- _Work task_
The pictures are to be left out, and all remaining data is to be transcribed exactly as it appears.

- _Source material_
^^^^^^^^

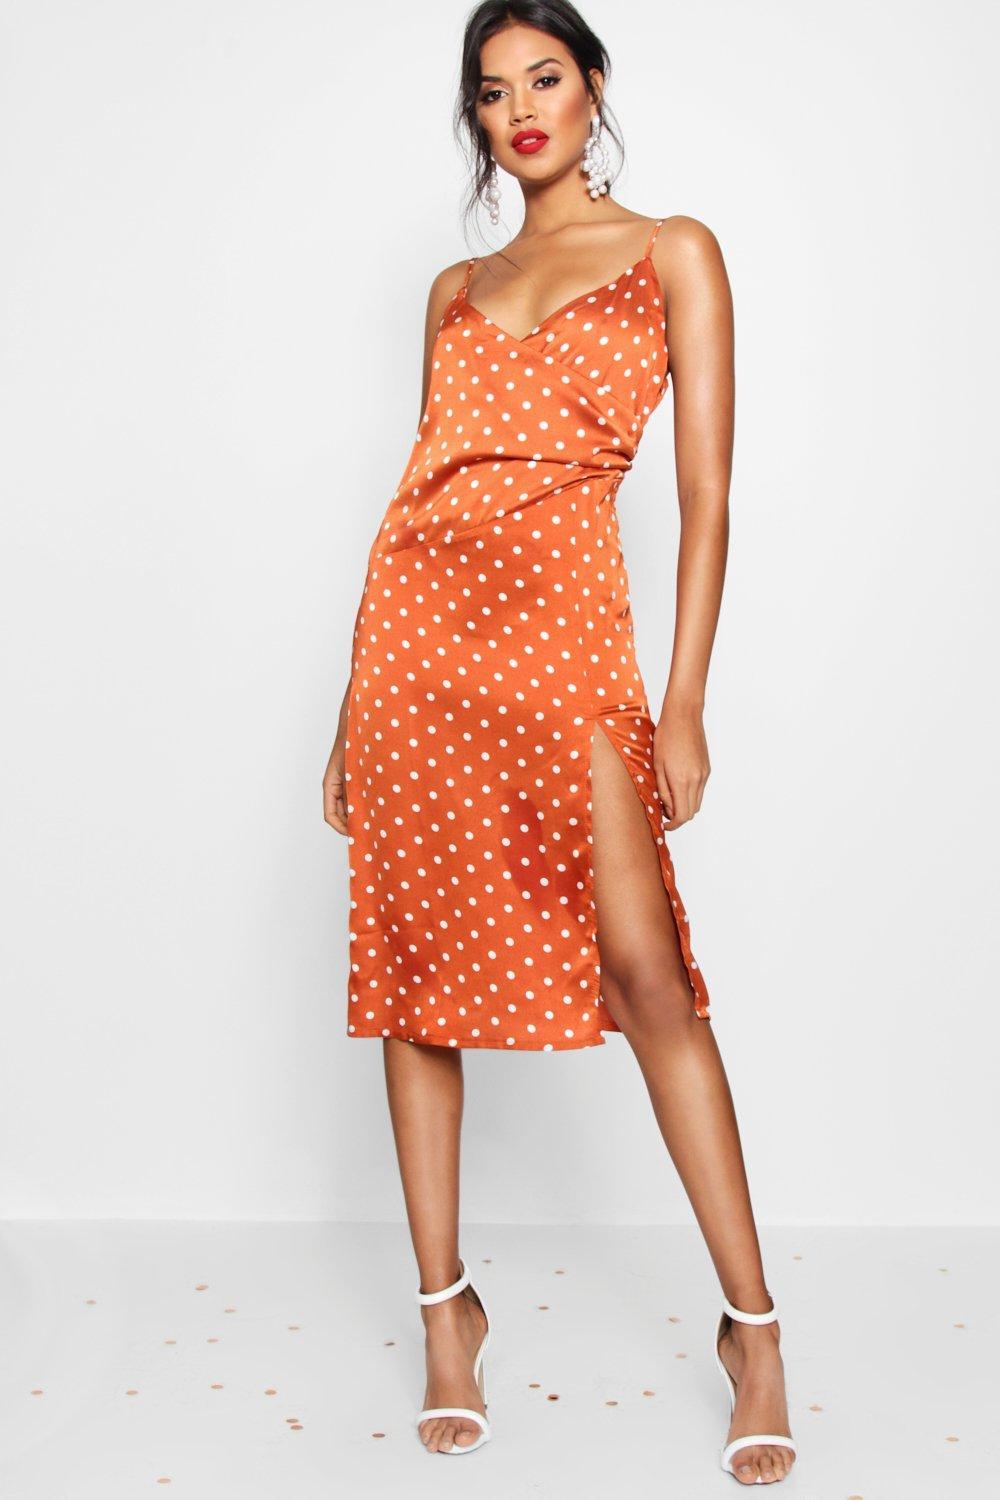 Boohoo Boutique Satin Polka Dot Wrap Slip Dress in Navy (Orange) | Lyst
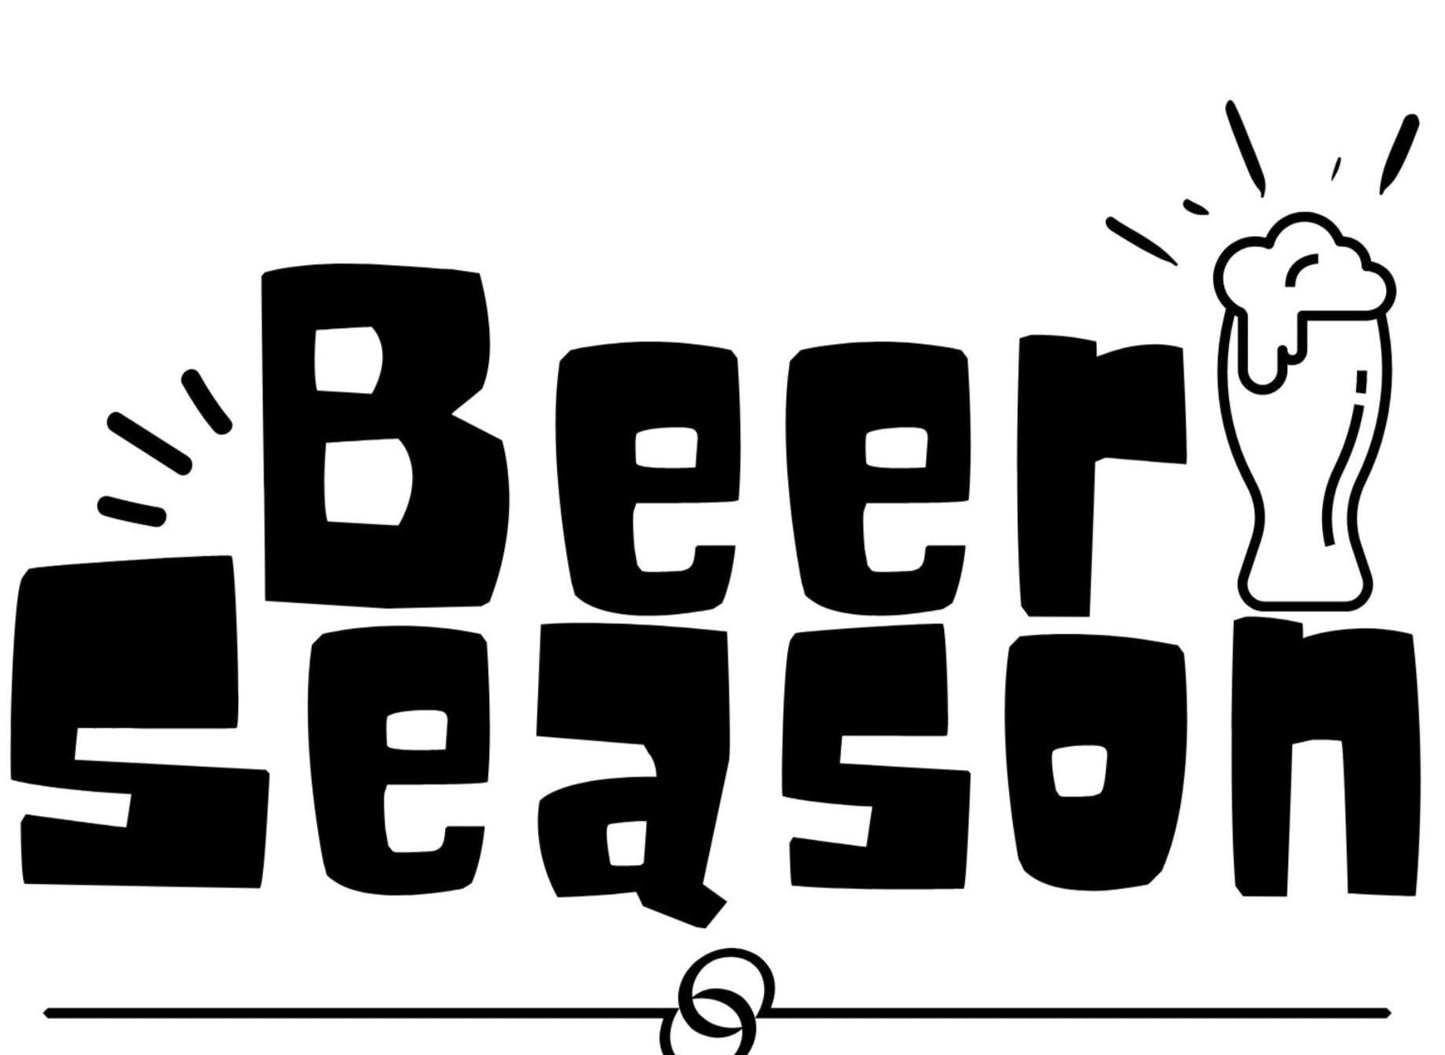 Beer Season v3
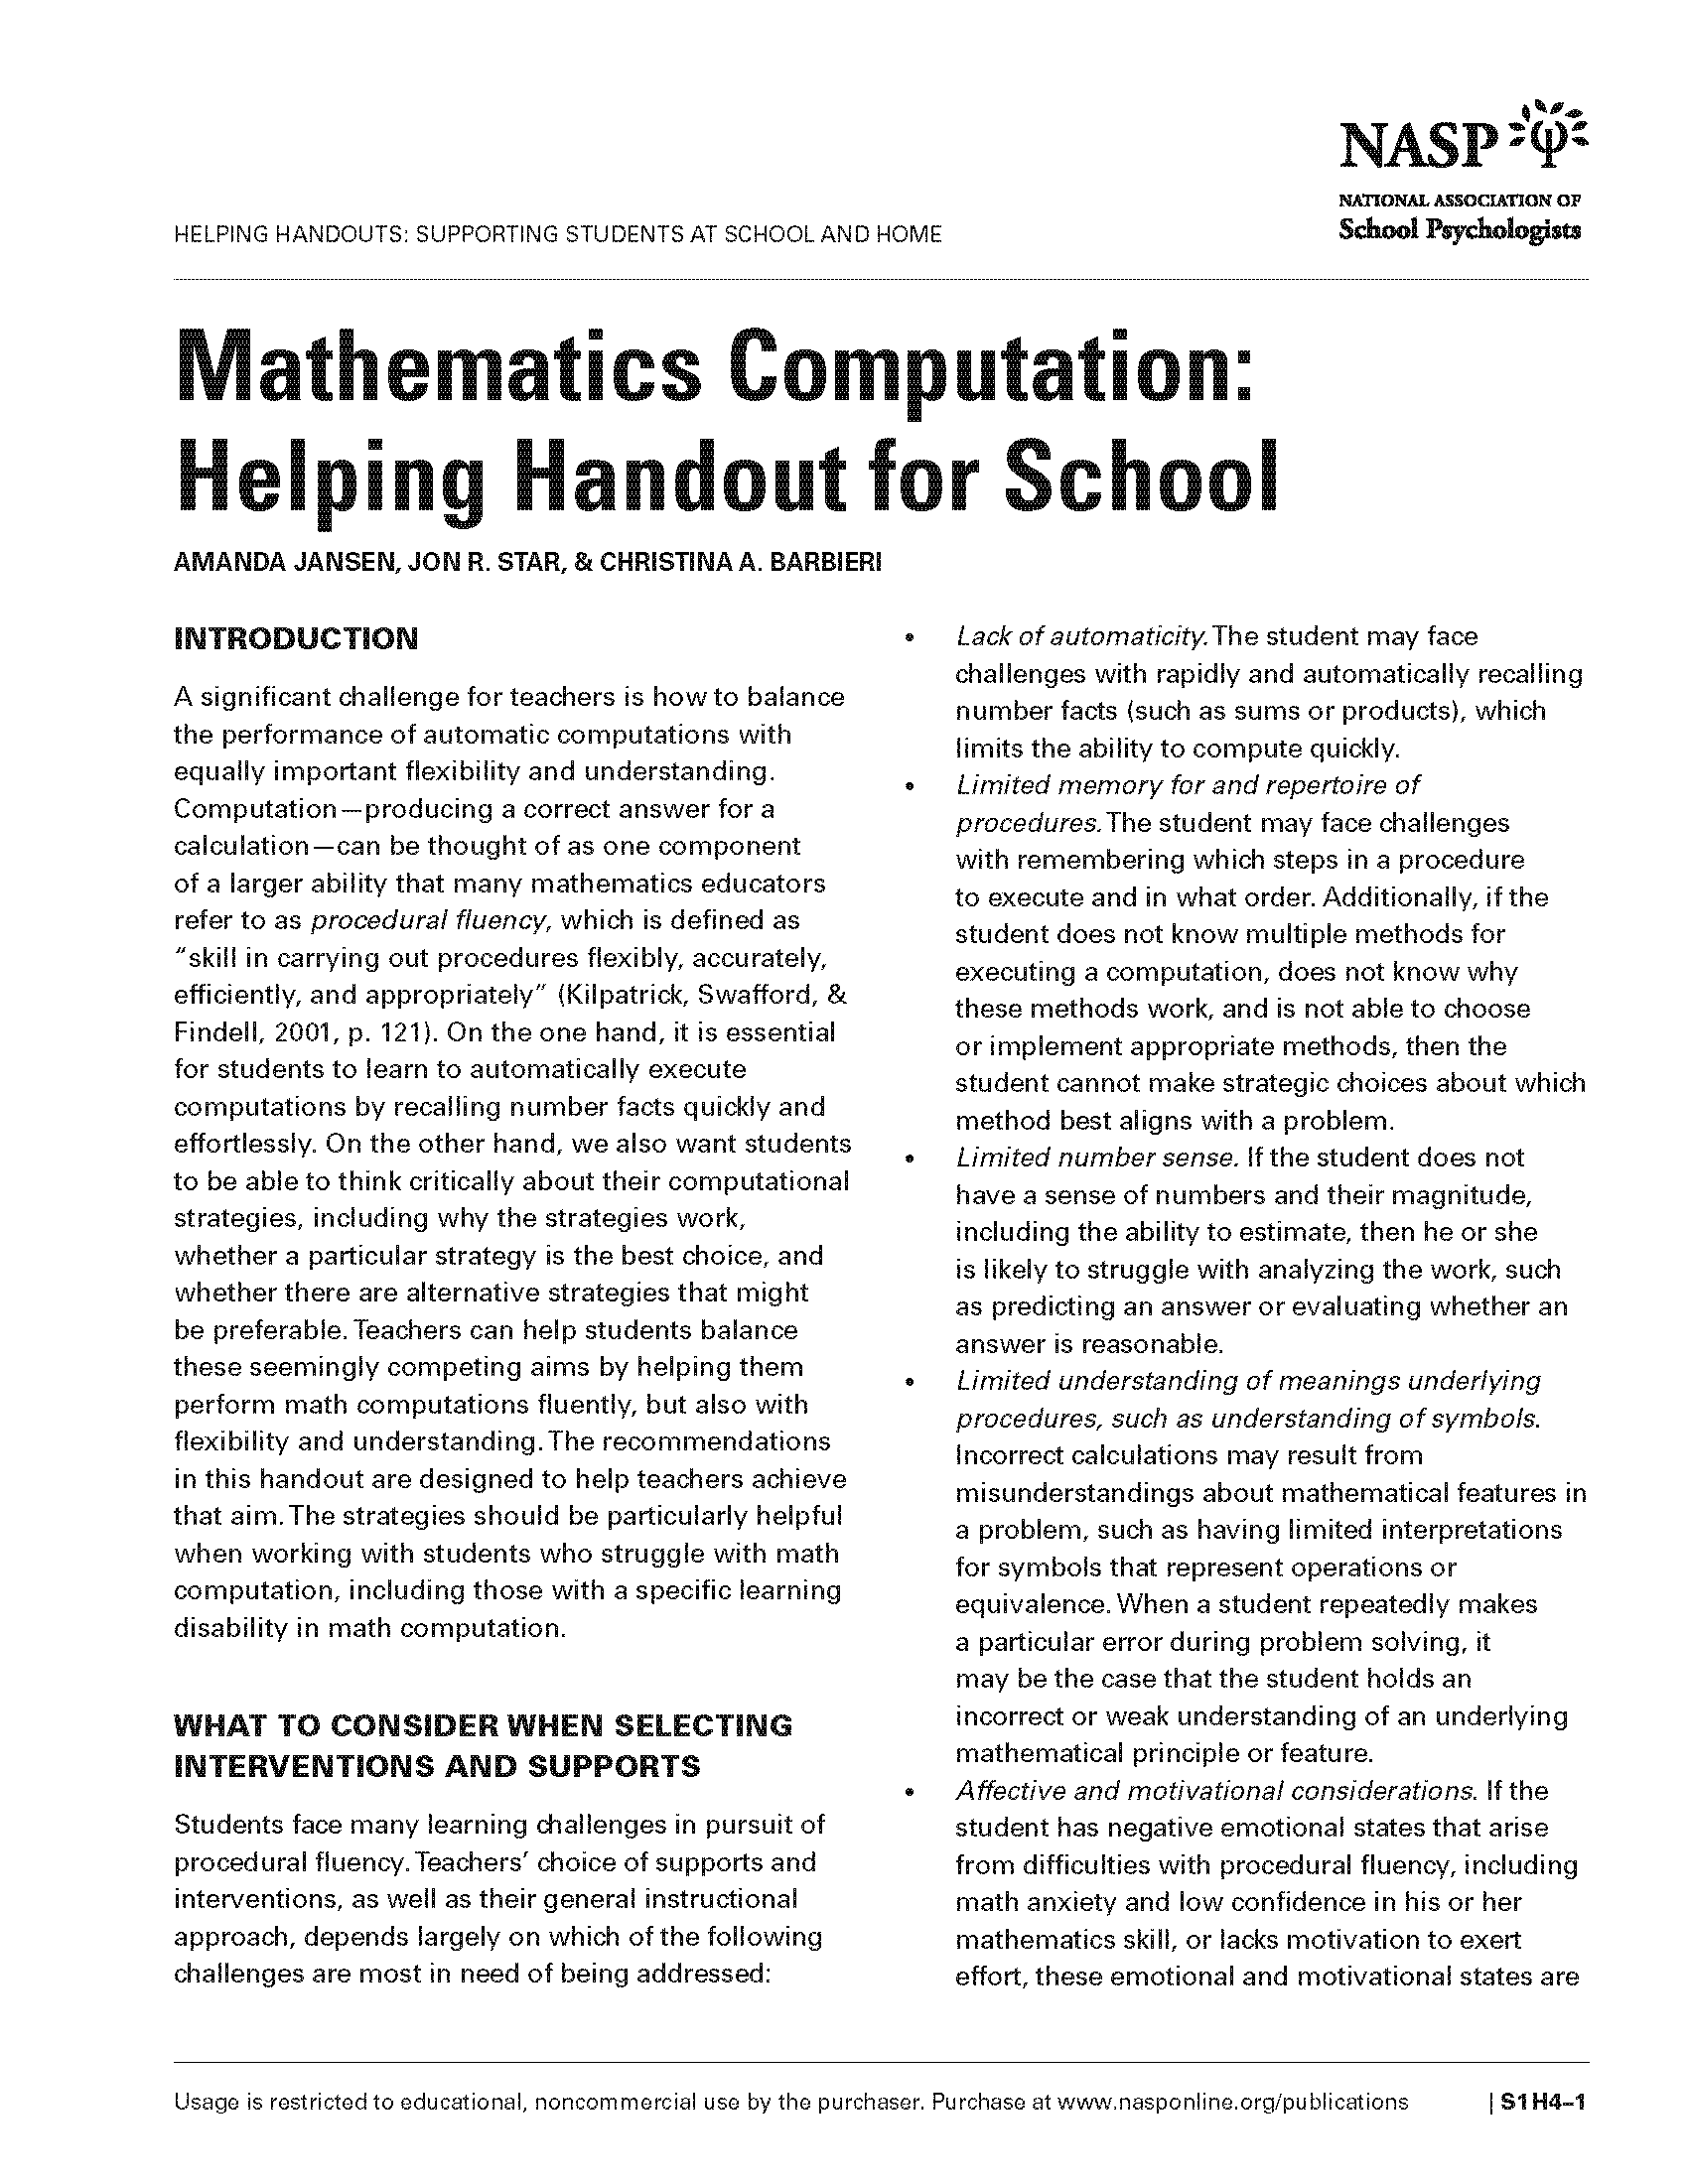 Mathematics Computation: Helping Handout for School

^^^^^^^^

- _Task solution_
 Boohoo Boutique Satin Polka Dot Wrap Slip Dress in Navy (Orange) | Lyst
 Beer Season v3
 Mathematics Computation: Helping Handout for School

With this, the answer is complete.